Sounds seem to carry further, even though the trees still wear their uniforms of leaves. Distant crows caw importantly. The canine chorus from the nearby Dog Park perks the ears of our 2 member Home Yard Security team. Traffic on neighborhood streets announces itself with a gathering rush of air. Not-so-near neighbors with blowers wage unwinnable contests with falling leaves attempting to sully the uniform green of their lawns. I watch and listen for the undulating V’s of Canada Geese, calling to one another with shared stories of misbehaving goslings and summer feasts.
The color of the sky changes, becoming a clear, often cloud-free blue that is somehow more crystalline; polished and shining with an intensity that is lacking in the earlier days of summer. Tens of thousands of feet away, aircraft appear with an immediacy that invites the attempt to identify the airline and perhaps wave to the grandmother looking out of the second window after the wing.

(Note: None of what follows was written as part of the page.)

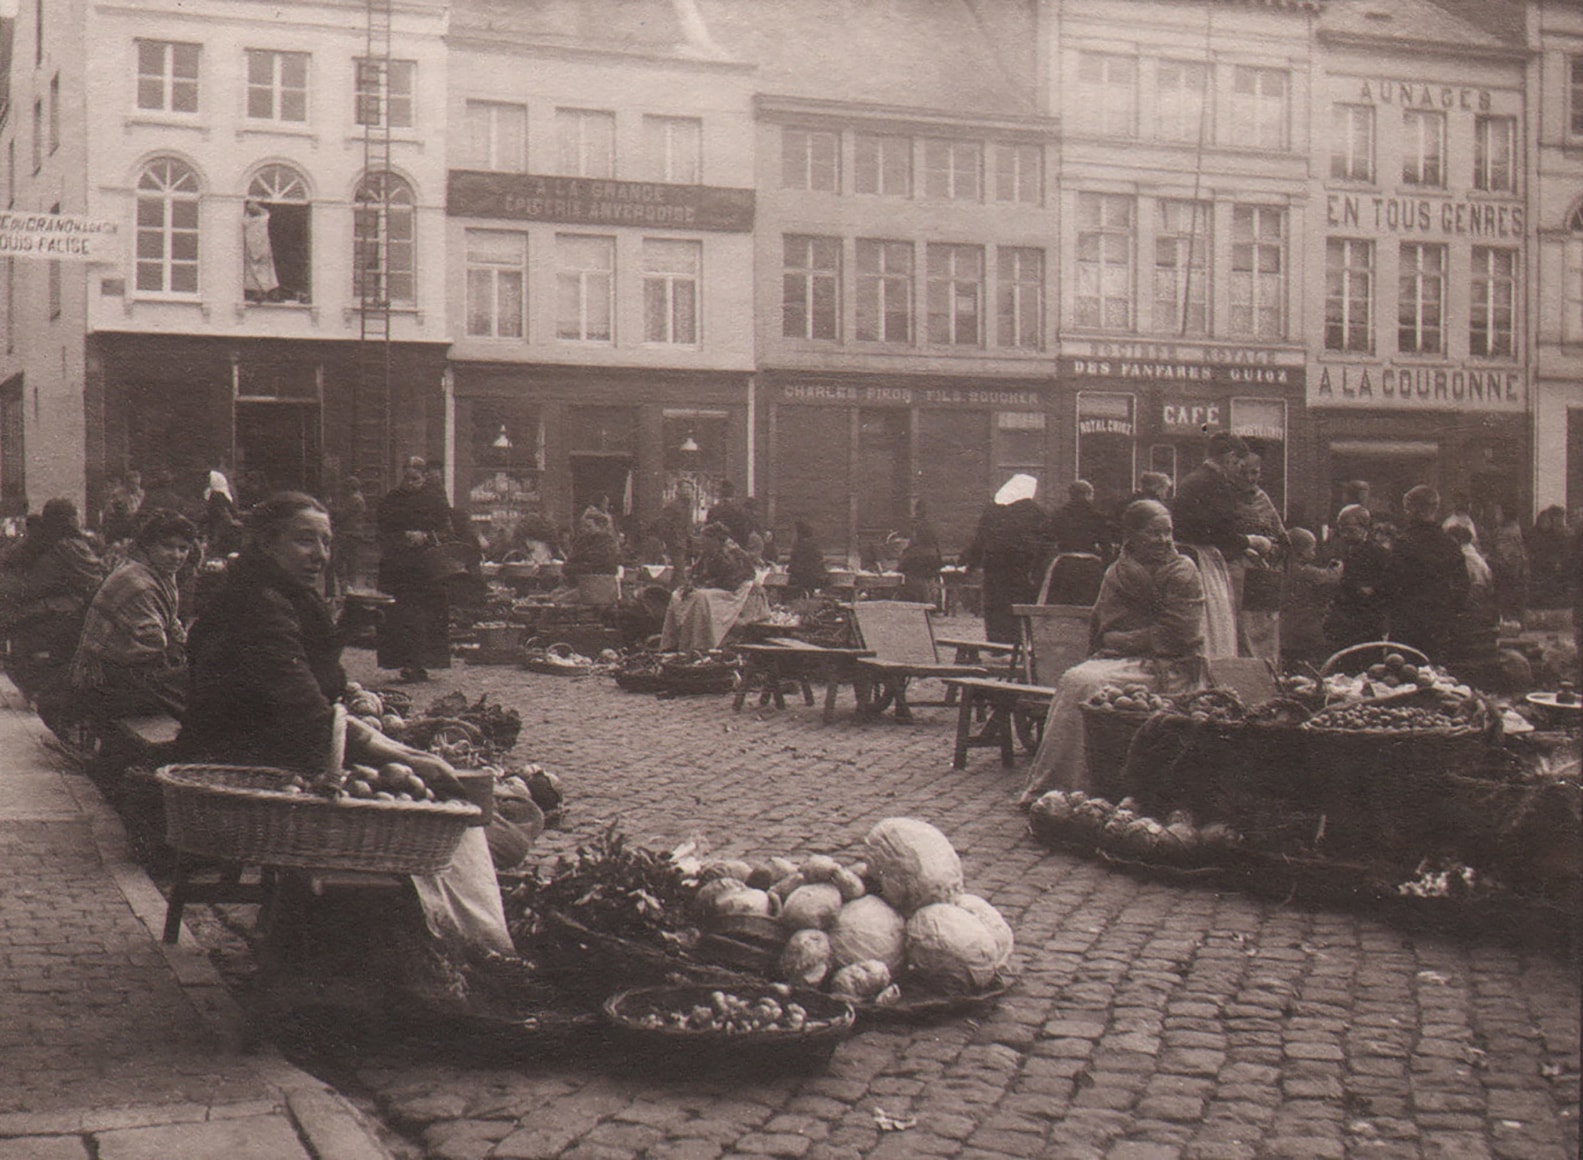 23. L&eacute;onard Misonne, Untitled, c. 1930. Market vendors on a cobbled commercial street with various forms of produce. Sepia-toned print.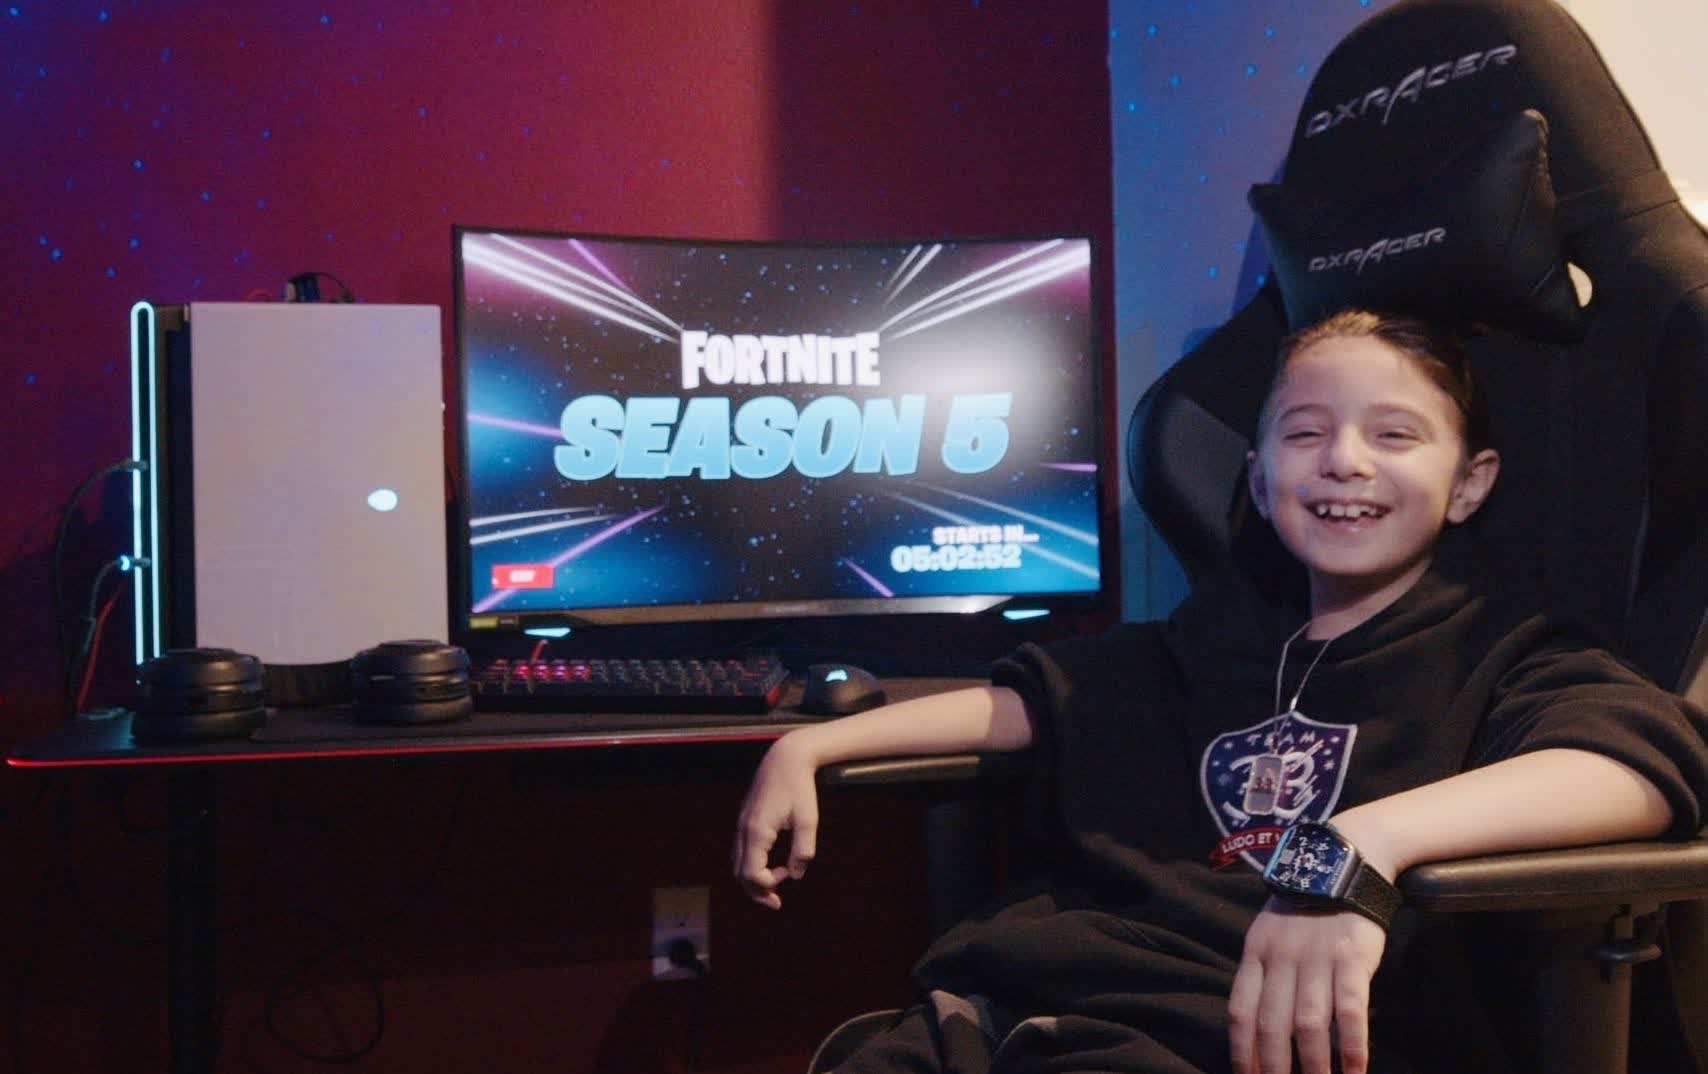 Eight-year-old Fortnite player given $33,000 and $5,000 PC for turning pro

Chrysanthemums magically appear before every grocery store, waiting for transport home. Necessary items to celebrate Halloween (nearly 2 months away) and especially Christmas (4 months) appear in department stores. The aromas of Cider and Hot Chocolate cannot be far away.
It is a charmed time, but a brief one. At least in Raleigh, the end of Fall occurs abruptly. Year after year, the first really cold day of the year blows in during the week of the North Carolina State Fair, often accompanied by a wet foretaste of dreary winter rains. This emphatic punctuation mark occurs this year from Oct 15-25 . You can write that on your calendars- in ink!